Megan nodded, eyes wide as she stared back at their house. "Was that... What was that?"

"Chaos," Rupert answered before Ethan could. Gwydion was too large now to easily be picked up, but Rupert shifted his sword to his other hand and bent down to pet the dog's head, a soothing move for both of them.

"It was an attack," Ethan said darkly. "And it didn't come from thin air. Rupert..."

"Can you trace it?"

"Not exactly. Dark Chaos shows up within my sight as absence rather than presence, but... I think... Rupert, we need to do some fast and efficient breaking and entering."

Rupert nodded. "Right." He turned to their Slayer. "Megan, take the dogs and wait for us by the car."

"But–" she started.

Ethan put Skunk in her hands. "You can't help with this. I'm relying on you to keep the dogs safe." He didn't wait to see if she obeyed, but went straight to the door of their neighbours on the left. "If we're quick and quiet about this, the Opies, if innocent, may never know we've been inside. You take the lock; I'll do the alarm."

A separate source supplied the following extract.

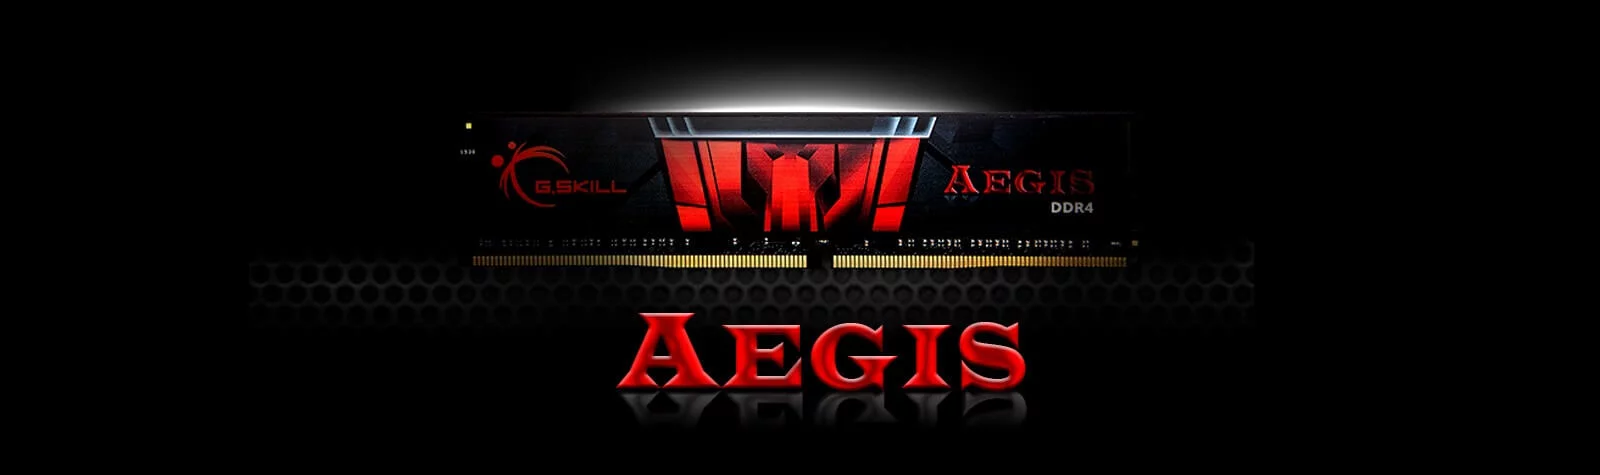 1. Ram G.Skill AEGIS F4-3000C16D-16GISB 16GB (8GBx2) DDR4 3000MHz _songphuong.vn (1)
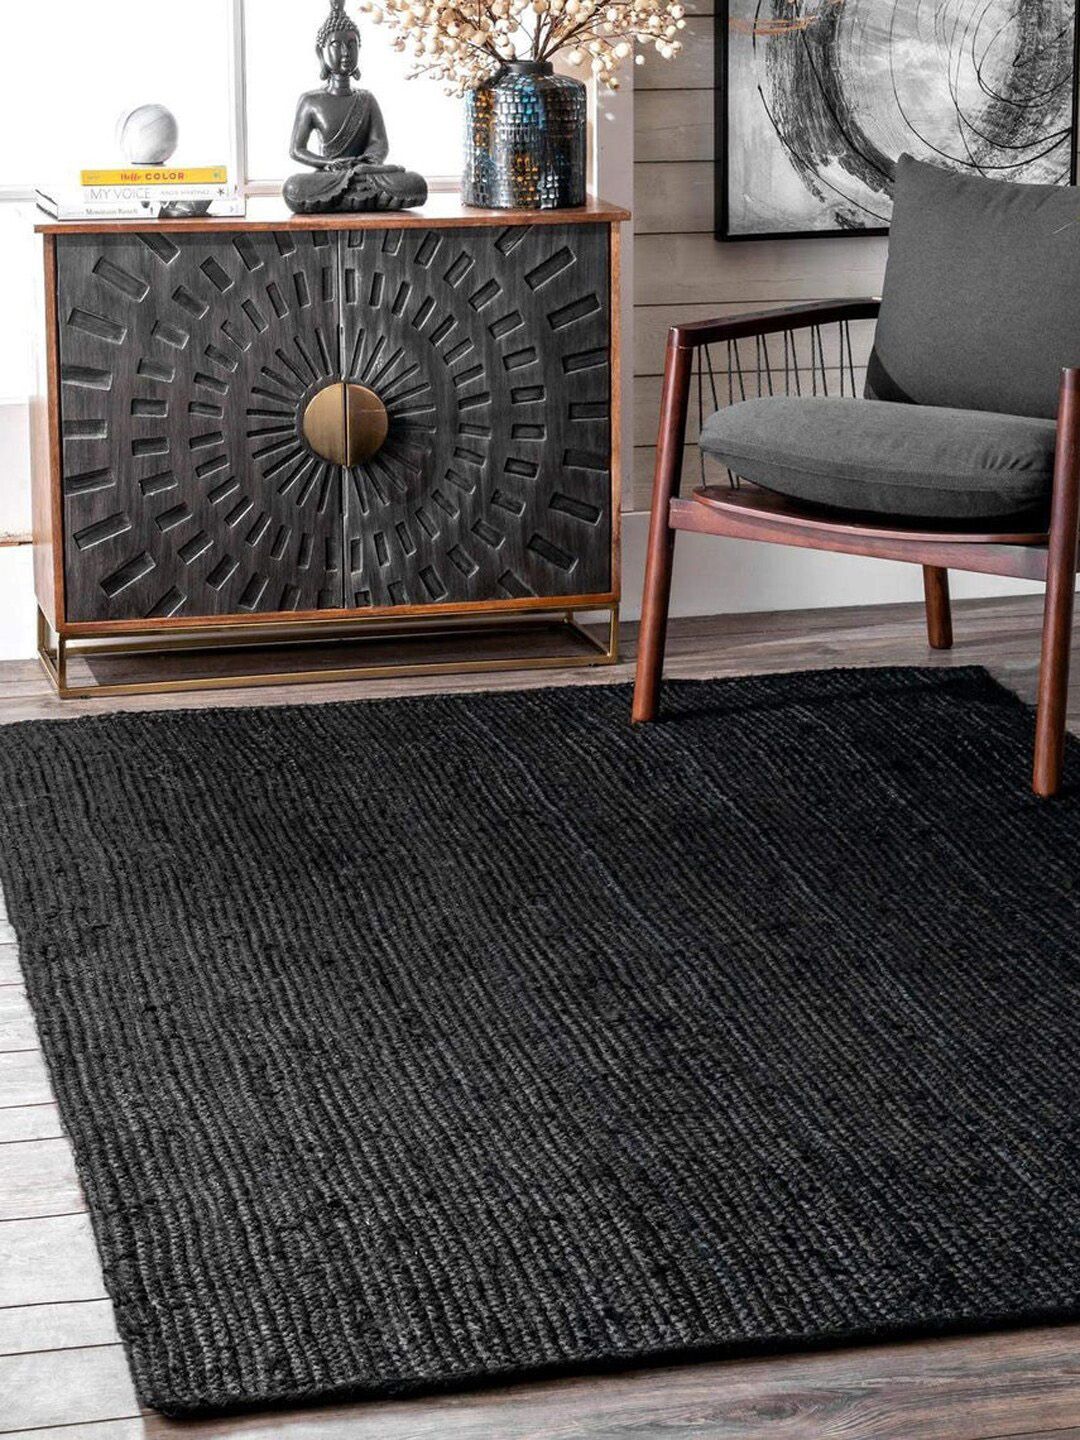 HABERE INDIA Black Handwoven Jute Carpet Price in India

Rupert put his hand on the doorknob, closed his eyes and murmured in Latin. There was a quiet but definite click as the lock opened. "Feels almost like cheating doing it that way," Rupert said with a frown. "Should be going at it with just my picks and skill."

"Magic isn't cheating," Ethan murmured distractedly as he ensured the alarm system inside would be blind to their presence. "It's an artform."

"So's lockpicking."

"Alarm's off." Ethan stepped back enough to push the door open. Lowering his voice to a whisper, he added, "I can sense it, or at least can sense where nothing at all is."

He felt Rupert's hand come to rest against his back. "I'll follow your lead."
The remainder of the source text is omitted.